Photo: Sergey Kolomiyets via Unsplash
UNDERSTANDING COVID-19 IN SCHOOL SETTINGS
By Dr David Nabarro and Katherine DeLand.
Educational continuity is essential to long term social cohesion and economic success. That is why in the context of COVID-19, we must better understand what it might mean to reopen schools so students can continue their education, whilst staying ahead of the virus.
Schools are a unique setting in society: they educate and protect children and create the foundation for a generation’s successes. This is particularly true when girls are educated. Schools provide children with not only education, but are also important sources of mental well-being, security, social well-being and – particularly in poorer communities – food. For many primary and secondary students, schools are also a key location for vaccine campaigns.
Communities around the world are conducting risk assessments to determine whether and how to reopen schools. Drs Mike Ryan and Maria Van Kerkhove from the World Health Organization (WHO) have said: A safe return to school can be managed only at the local level and only if local disease transmission is low.
This means that overcrowded schools with the fewest resources and most socio-economically disadvantaged students will be at a disproportionately high risk for outbreaks.
Going back to school depends on the local epidemiology, the local transmission, the local profile of schools, the size of schools, the density of schools, the resources that schools have.
Dr Mike Ryan, Executive Director, WHO Health Emergencies Programme
The age of the children in a given school will help tailor the risk calculus: younger children will have a harder time complying with precautionary measures (e.g. masking in under 10s), while older children will likely have more inclination to socialize without physical distancing.
The WHO/UNICEF/International Pediatrics Association guidance recommends that:
- children aged up to 5 years should not wear masks for source control;
- for children between 6 and 11 years of age, a risk-based approach should be applied to the decision to use of a mask; and,
- children and adolescents 12 years or older should follow the WHO guidance for mask use in adults.
There is no ”one size fits all” for individual family decisions on returning children to schools – all families will have their own risk profiles, including elderly or vulnerable family members living in the house, that must be considered.
The greatest risk for schools re-opening is for employees who are exposed to people each day they work on campus. These school employees, regardless of the level of educational institution, are at an increased risk of contracting and transmitting COVID because of their contact with a high number of people every day. This includes teachers, administrators, professors, aides, janitorial, grounds, maintenance and security staff.
Many schools are implementing creative, innovative re-opening strategies such as staggering start times, reducing student movement around the school, requiring masks and hybrid approaches (i.e. part in-person learning, part virtual learning environments). However, the decision to or not to reopen schools is complex, depending tremendously on local context and virus transmission rates, and is an obvious source of worry for parents, teachers, and students. Importantly, schools don’t operate in isolation; if there is transmission in communities, there can be transmission in the schools that operate in those communities.
Importantly, testing is no guarantee of a safe return to school because of the high rate of false-negative results with currently available tests. The challenge with false-positives isn’t that the test is inaccurate, but instead in interpreting what the test results might mean: it could mean that one did not have COVID-19 at the time of testing, but developed it later, or that the sample was not collected properly or collected too early in the infection. A negative test doesn’t prevent subsequent infection, so testing provides only a point in time understanding of COVID in a population.
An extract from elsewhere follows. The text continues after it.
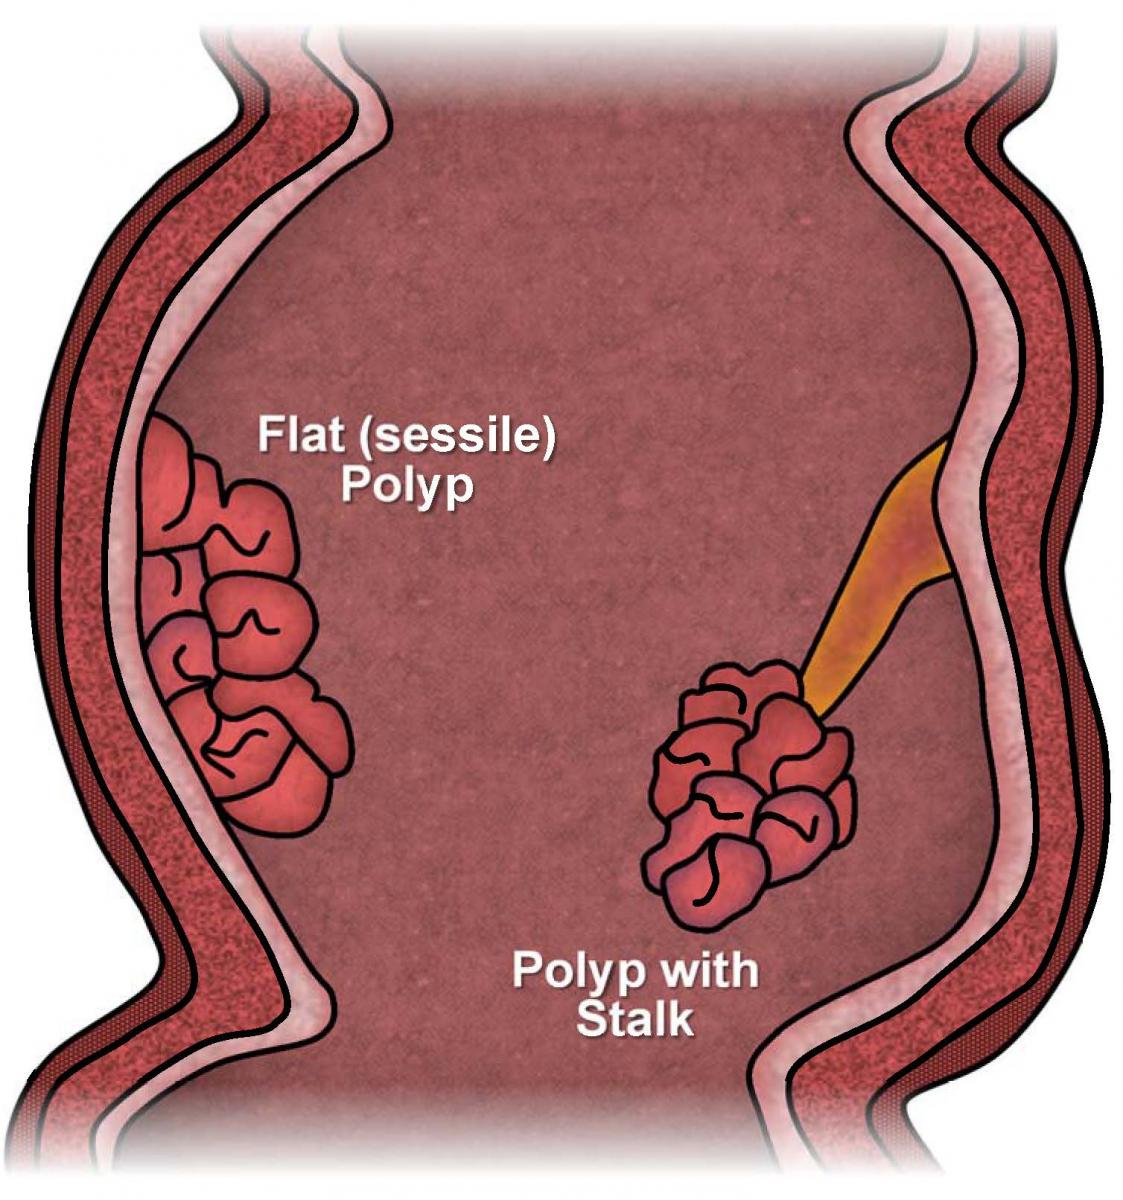 hpv and colon polyps
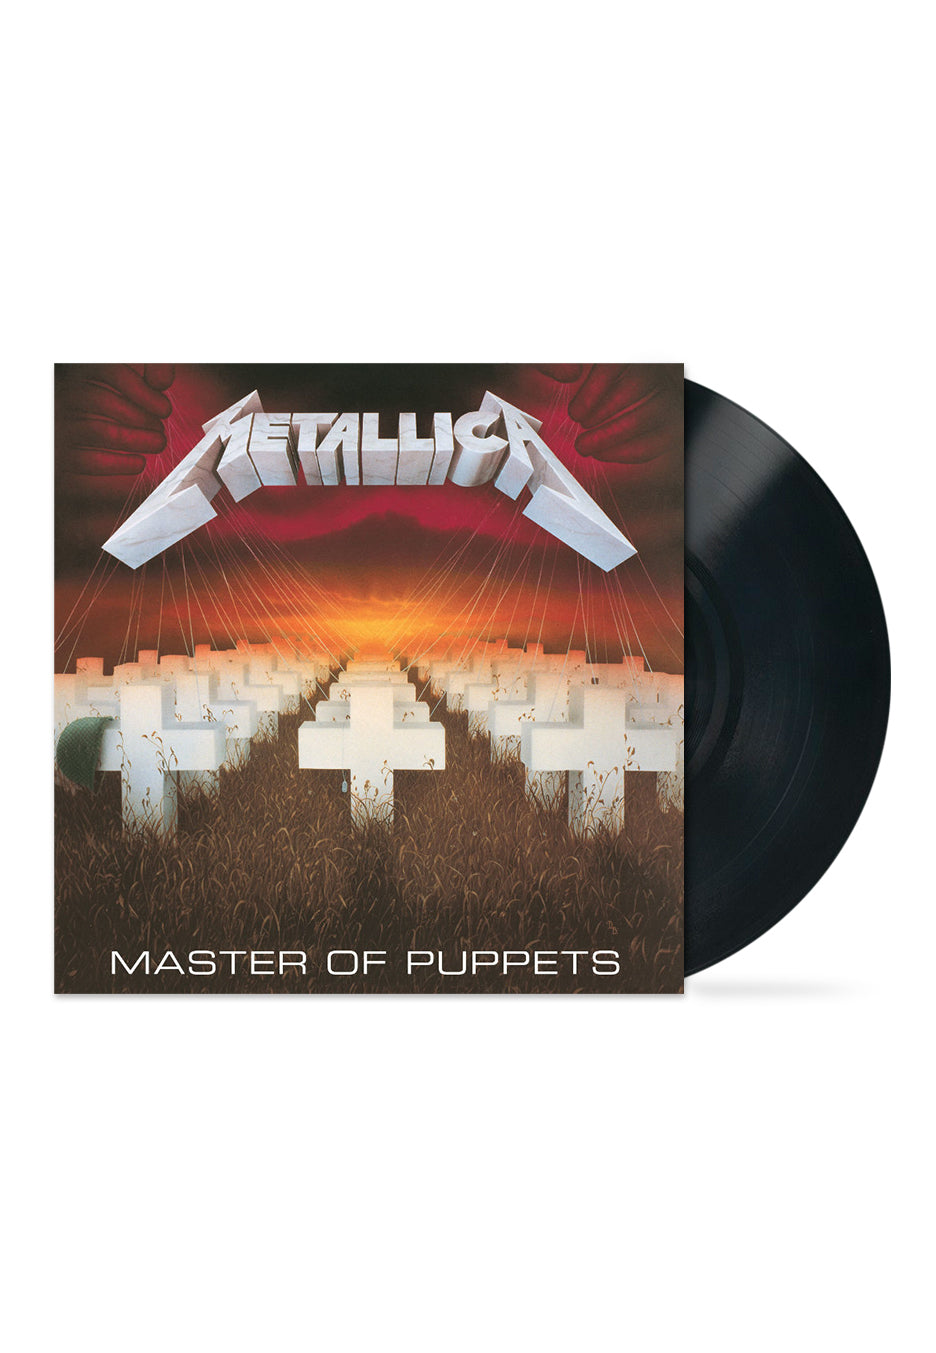 Metallica - Master Of Puppets (Remastered) - Vinyl

Younger children will have greater challenge complying with prevention measures like masking, hand washing, etc., without substantial oversight.
However, case investigation indicates that child to child transmission in schools is uncommon, particularly in preschools and primary schools. Nonetheless, it is useful to note that surveillance strategies that only test symptomatic children will not identify children who are asymptomatic or have mild symptoms and recent data indicates that up to one-fifth of children are asymptomatic. As leaders and parents move forward in taking decisions about children and schools, it is particularly important that they remain mindful of the rates of transmission in the local community and tailor their approaches accordingly.
A large new study from South Korea offers an answer: Children younger than 10 transmit to others much less often than adults do, but the risk is not zero. And those between the ages of 10 and 19 can spread the virus at least as well as adults do.
The findings suggest that as schools reopen, communities will see clusters of infection take root that include children of all ages, several experts cautioned.
The question on whether or not to go back to school must not be made in isolation. Schools should be considered part of their community, with transmission risk prevention decisions taken in the context of local virus transmission rates.
Being ready to reassess decisions when the number of cases in the community changes, is the best way to stay on top of the virus and provide students and their families with opportunities to continue education with low risk.
WHO, UNICEF and the International Paediatric Association jointly reviewed the available evidence to develop guidance on the use of masks for children. In the absence of strong scientific evidence, consensus among these groups forms the main basis for this guidance.
The European Centre for Disease Prevention and Control published an overview of the epidemiology and disease characteristics of COVID-19 in children (0-18 years) in EU/EEA countries and the United Kingdom (UK), and an assessment of the role of childcare (preschools; ages 0-<5 years) and educational (primary and secondary schools; ages 5-18 years) settings in COVID-19 transmission.